With the OpenaiConfig object defined, it is when applied to the LLM configuration through the openai_config parameter.

openai_config = OpenaiConfig(enabled=True)
rag_step = rag_step.configure(openai_config=openai_config)

Set the Deployment Configuration and Deploy

The deployment configuration defines what resources are allocated to the LLM’s exclusive use. For this tutorial, the LLM is allocated:

Llama LLM:
- 1 cpu
- 8 Gi RAM
- 1 GPU. The GPU type is inherited from the model upload step. For QAIC, each deployment configuration gpu values is the number of System-on-Chip (SoC) to use.
RAG Model:
- 1 cpu
- 2 Gi RAM

Once the deployment configuration is set:

The pipeline is created.
The RAG model and the LLM added as a pipeline steps.
The pipeline is deployed with the deployment configuration.

Once the deployment is complete, the LLM is ready to receive inference requests.

# Deploying

deployment_config = wallaroo.DeploymentConfigBuilder() \
    .replica_count(1) \
    .cpus(.5) \
    .memory("1Gi") \
    .sidekick_cpus(rag_step, 1) \
    .sidekick_memory(rag_step, '2Gi') \
    .sidekick_cpus(model_step, 1) \
    .sidekick_memory(model_step, '8Gi') \
    .sidekick_gpus(model_step, 1) \
    .deployment_label('wallaroo.ai/accelerator:l4') \
    .build()

pipeline = wl.build_pipeline('tinyllama-openai-rag')
pipeline.undeploy()
pipeline.clear()
pipeline.add_model_step(rag_step)
pipeline.add_model_step(model_step)
pipeline.deploy(deployment_config = deployment_config)
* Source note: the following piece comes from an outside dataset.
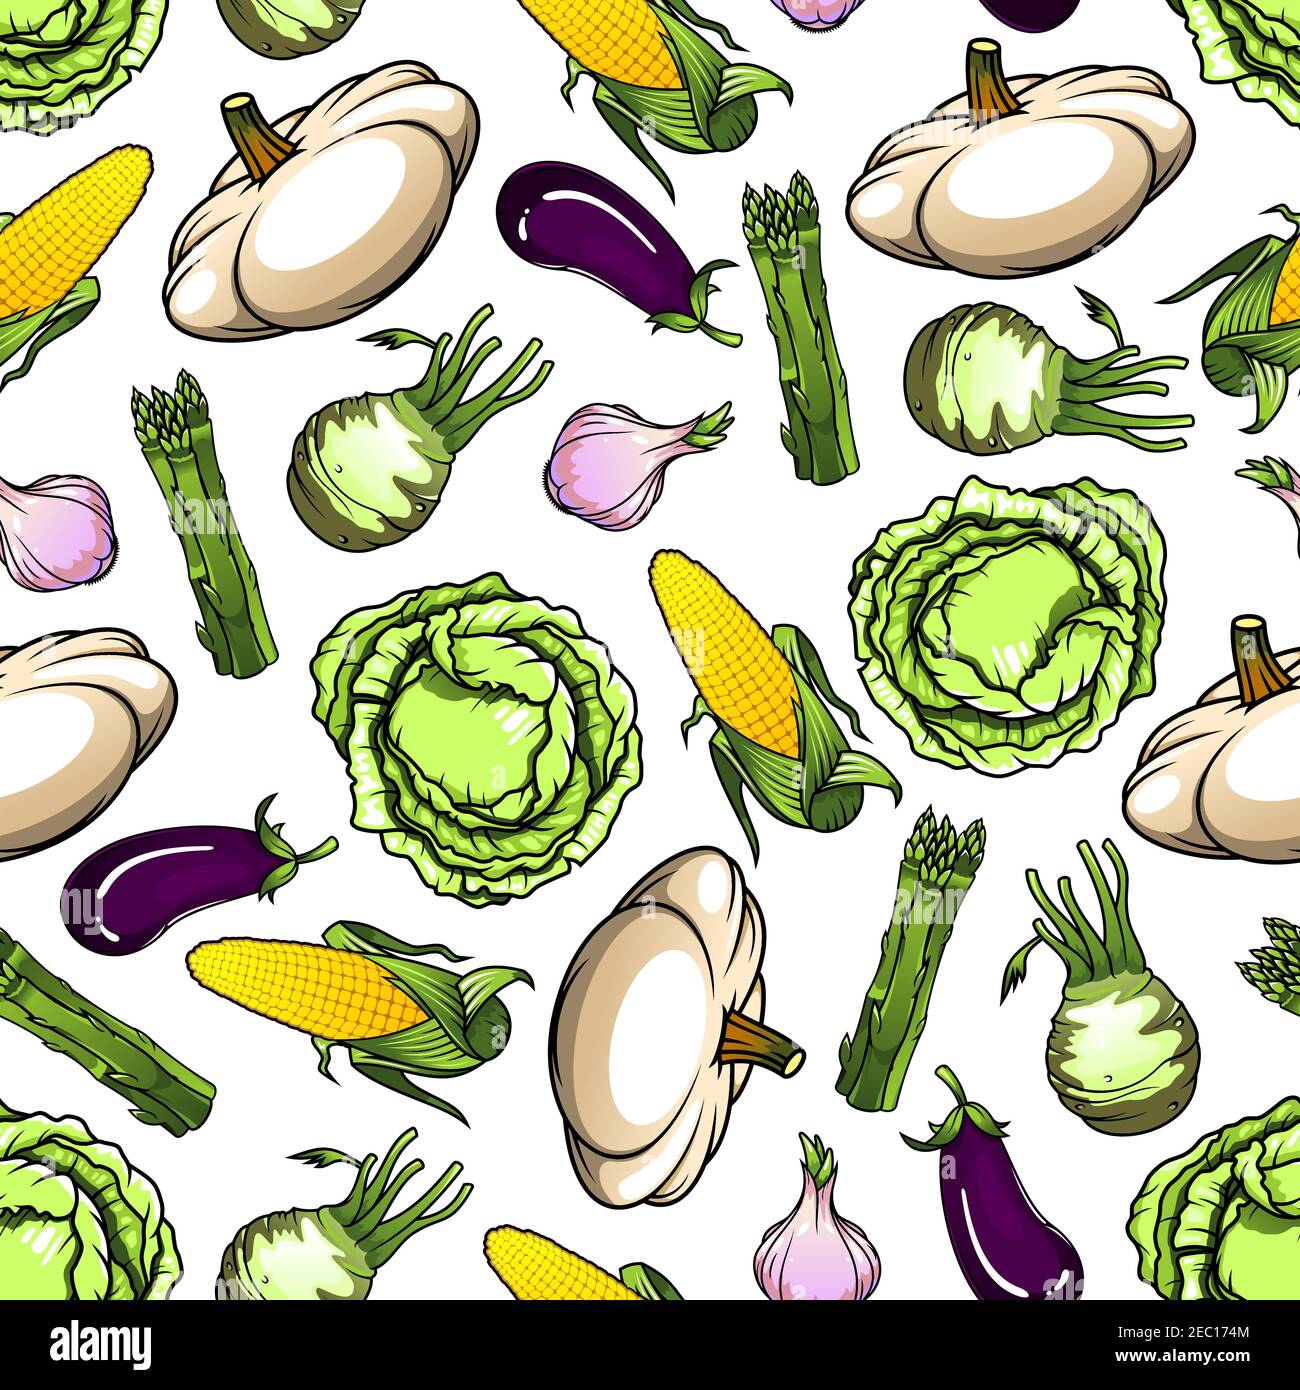 Farm green cabbages and sweet corn cobs, eggplants and spicy garlic, bunches of asparagus and pattypan squashes vegetables seamless pattern over white Stock Vector

Waiting for undeployment - this will take up to 600s ................................... ok
Waiting for deployment - this will take up to 600s .................................................................................................................................. ok

name	tinyllama-openai-rag
created	2025-06-03 00:43:13.169150+00:00
last_updated	2025-06-04 00:25:24.221145+00:00
deployed	True
workspace_id	1689
workspace_name	vllm-openai-test
arch	x86
accel	none
tags
versions	ca7ac20b-22a8-44ea-8897-31588cd4f4a1, 761bff73-d14c-40a6-9002-2ccef283412a, 18366faf-552e-46de-aa7e-b246c8d030a9, 83cd5a81-ba4f-431d-98f2-b6027a48aa29, a670f88f-e0cc-49a1-a7b5-d0d693cd372a, d6494410-d99e-438e-a6af-9fd381595ec6, 836c73d2-dcb5-4733-995b-bfb3cd3b5511, 1cb296d0-9e4c-45e3-a72a-6692ab279766, 082fc1b8-bedb-49ed-9ad9-dde8ed9549bd, b088f896-f29a-4ad1-a96c-c2920ab2b817, f21ed918-5681-45cd-a4fd-60a7b124c6d5, 23a26672-2ffb-410e-aa65-b4c949320700, d5517bcd-60a1-4964-ad58-87c038e9267b, 2e689953-1883-4300-8c11-7b854fe23c43, 7092df94-4ecd-4a82-8f2c-1c2577cd1641, 73040edb-ba7b-4b19-aedf-91d47f59c5cf
steps	ragstep
published	True

Inference Requests on LLM with OpenAI Compatibility Enabled

Inference requests on Wallaroo pipelines deployed with native vLLM runtimes or Wallaroo Custom with OpenAI compatibility enabled in Wallaroo are performed either through the Wallaroo SDK, or via OpenAPI endpoint requests.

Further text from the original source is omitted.